Sustainable cellulose–chitosan hybrid membranes reinforced with green-synthesized MgO nanoparticles for dual adsorption–photocatalytic wastewater remediation
摘要
The persistence of pharmaceuticals and synthetic dyes in the aquatic systems poses a serious ecological and public health challenges, where conventional wastewater treatments are often fail to mitigate such type of recalcitrant contaminants. In this study, we report the fabrication of biodegradable cellulose nanofibril-chitosan-magnesium oxide (CNF-Cyt-MgO) composite membrane, those have lichen extract mediated green synthesized MgO nano particles. Comprehensive characterization including UV–Vis spectroscopy, FTIR, XRD, HR-TEM, SEM-EDX and particle size/zeta potential analysis, as well as contact angle measurements, these techniques confirms nanoscale crystallinity, strong polymernanoparticle interactions, enhanced hydrophilicity, and robust structural stability. The CNF-Cyt-MgO membrane displayed dual functionality, creating high level adsorption capacity through nanocellulose and chitosan along with the photocatalytic degradation response by MgO nanoparticle under sunlight.
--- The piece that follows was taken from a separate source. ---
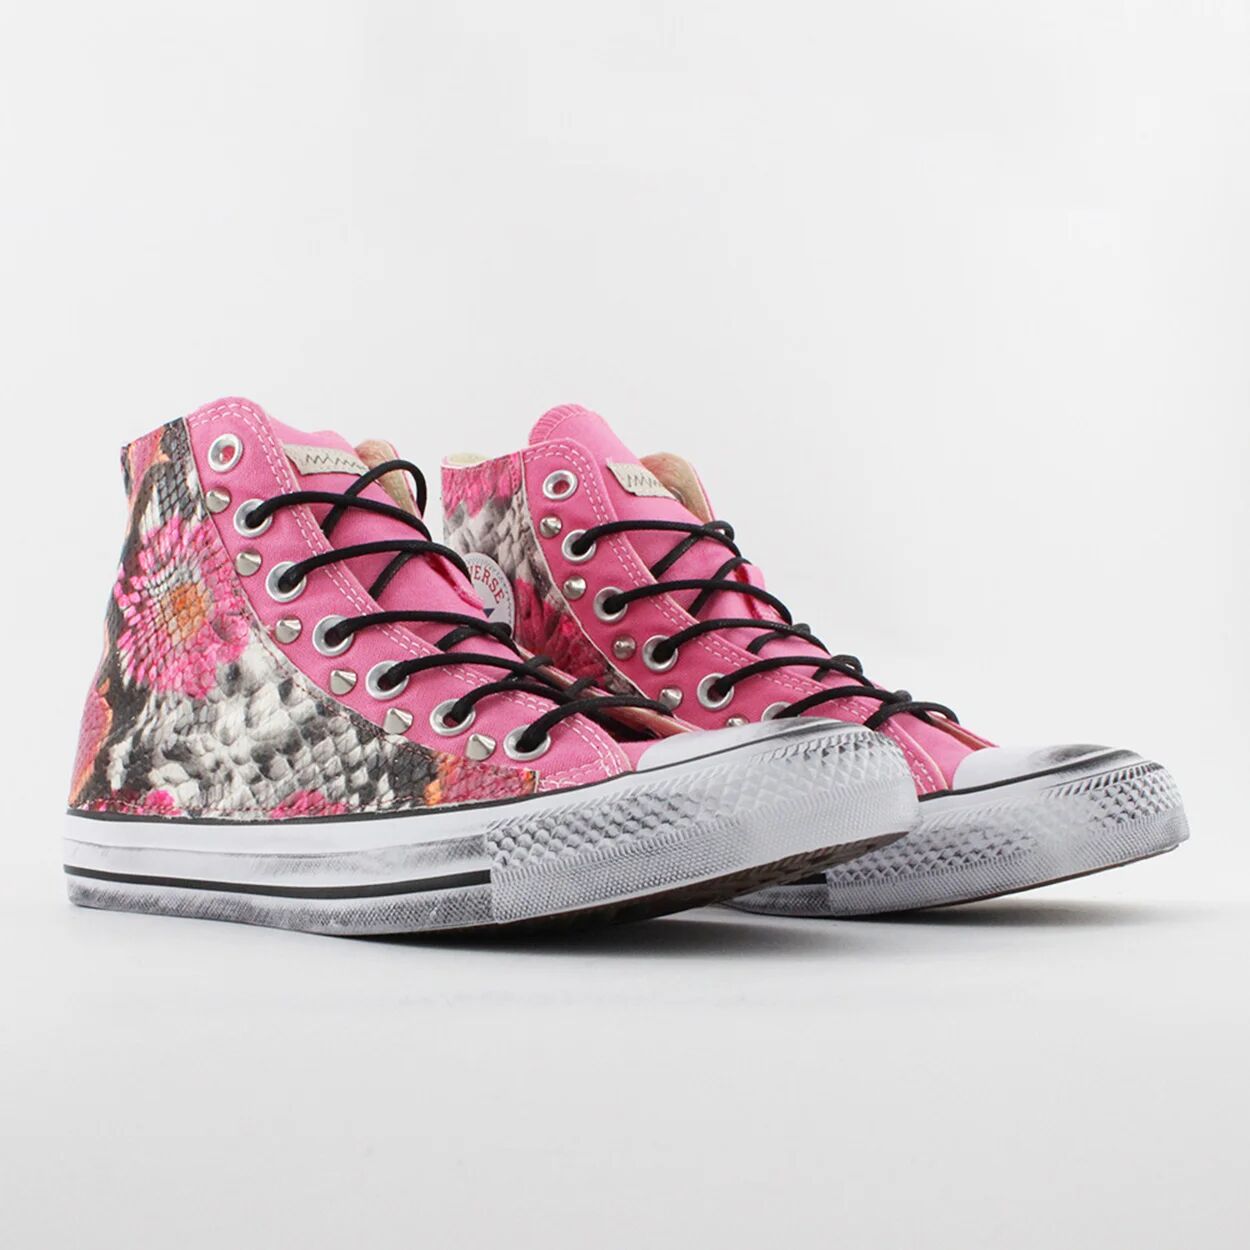 Mimanera CONVERSE ALL STAR Sneakers in tela con stampa fiori rosa

Optimized membranes show high removal efficiencies within 120 min interval of time, such as archive pollutants removal efficiency as 77.2% for Malachite Green, 71.8% for Eriochrome Black T, 65.1% for Metronidazole, and 45.9% for Nifedipine at 20 ppm-consistently that’s outperforming adsorption-only based cellulose nanofibril-chitosan(CNF-Cyt)membranes. Kinetic modelling indicated pseudo-first order type behaviour, constant performances at different pH level, and excellent reusability over 8 cycles due to in situ regeneration of active sites. This eco-designed hybrid membrane holds the potential to replace the standard adsorbents and synthetic membranes due to the integrated characteristics of eco-friendly properties such as biodegradability, green synthesis, dual mode pollutant removal, and long-term operational stability, bringing a scalable and sustainable method for advanced wastewater remediation purposes.